Dear Reader (there's only one of you, right?),
The schizophrenic streets of North Texas feature no shortage of commuting personalities. Sometimes they're speeding by at 80 MPH and I have to make swift mental notes and other times they're just poking along at 35 and I have plenty of time to study these species.
Let me first discuss a driving phenomena that, in my experience, only happens here: going BELOW the speed limit! Being fresh from New York's mean streets it's alarming and perhaps more dangerous than speeding, because people pull wild maneuvers around these mutant motorist.
A close relative to the speed limit underachievers is the cruise controllers. These drivers know only one speed and it usually hovers around 48 miles per hour, whether it's freeway, feeder road or residential, you can always rely on their reliability.
I know this happens everywhere, but it's definitely worth mentioning: "I go exactly the speed limit in the left-most lane and neither pass anyone, nor acknowledge that I am blowing it for EVERYONE!" It's a passing lane, not a loitering lane.
Truckers in the left lane. Again, passing lane, not a campsite. This strikes me as totally negligent and dangerous and what's worse is people tailgate the offending big rigs, yet cops see all of this and do nothing. The bigger and slower you are the further to the right you should stay.
Crotch rocket boners. You've seen 'em, 20 and 30 somethings with backpacks and high tops, who seldom wear helmets and ride sports bikes from the east.
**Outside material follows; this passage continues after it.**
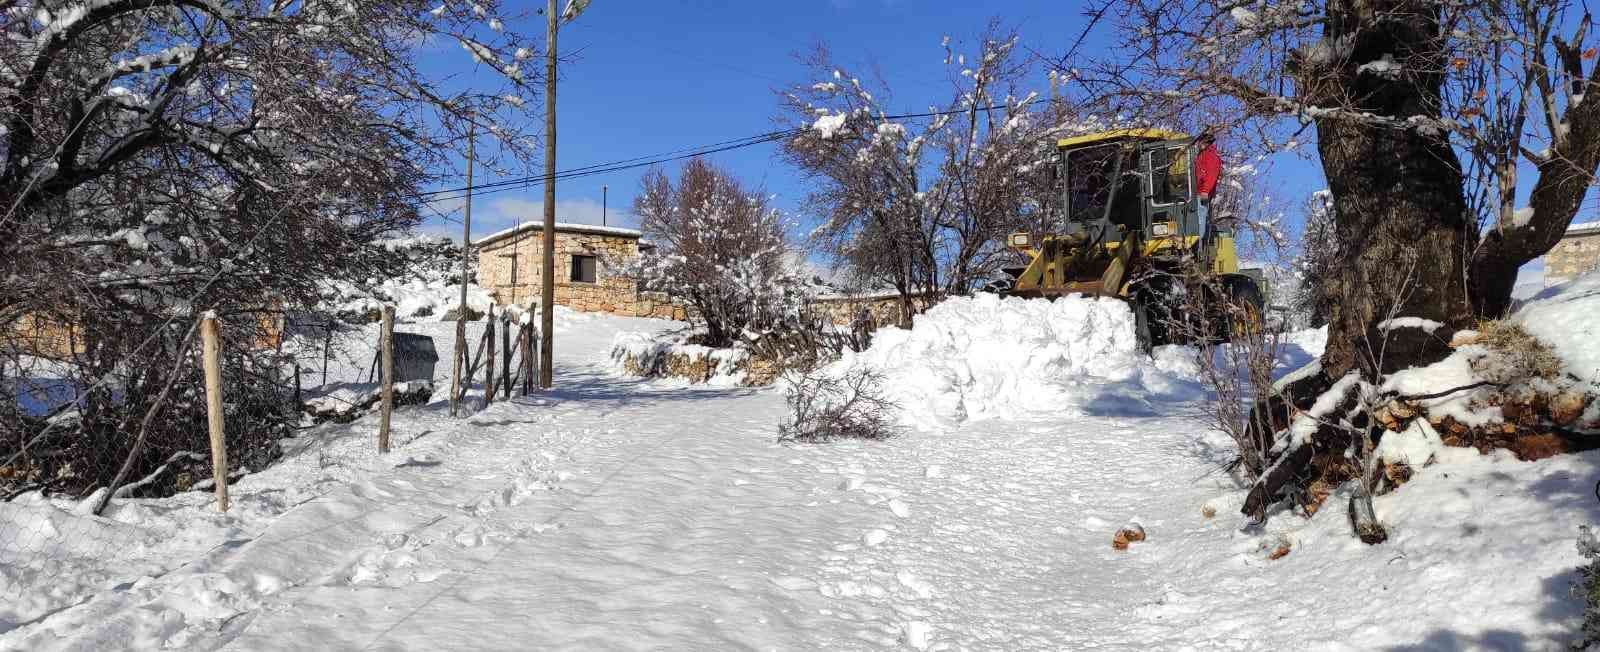 Mersin’in Yüksek Kesimlerinde Kar Yağışı Etkisini Gösteriyor

The often speed in between lanes, frequently cut cars off and even more frequently piss drivers off. To ice the moronic motorcycle cake these buffoons pop crotch rocket boners at 90 miles an hour. The salesperson should be required to perform un-reversible vasectomies on the guys buying these ricecycles.
You know how in other countries they cut off your hands for stealing? It's brilliant, bring it to the US; any time a driver causes a crash because they didn't use a turn signal, they should lose a finger, if not a hand. This is not just a Texas thing. How do you think those efficient German engineers of your VW Rabbit feel knowing that you won't even bother flicking your wrist to signal which way you're turning? A quick reminder: flick up for right and flick down for left and I won't flick you off. Thanks.
Speaking of directional signals, in DFW if you flick that signal, you better move fast. Using a turn signal here is like picking a road fight. Every jerk on the road will either speed up or slow down to hinder your proposed lane change. But I'm a firm believer in turn signal employment, so I'm adapting.
Unannounced lane changes are common on North Texas roadways, but it still comes as a surprise to me when someone will dive across 3 lanes of 60 MPH traffic into a bypass just to avoid one light. It makes me wonder if this is some kind of wild afterthought by someone who hasn't traveled this thoroughfare or if the driver is fully aware of the bypass and just likes to gamble.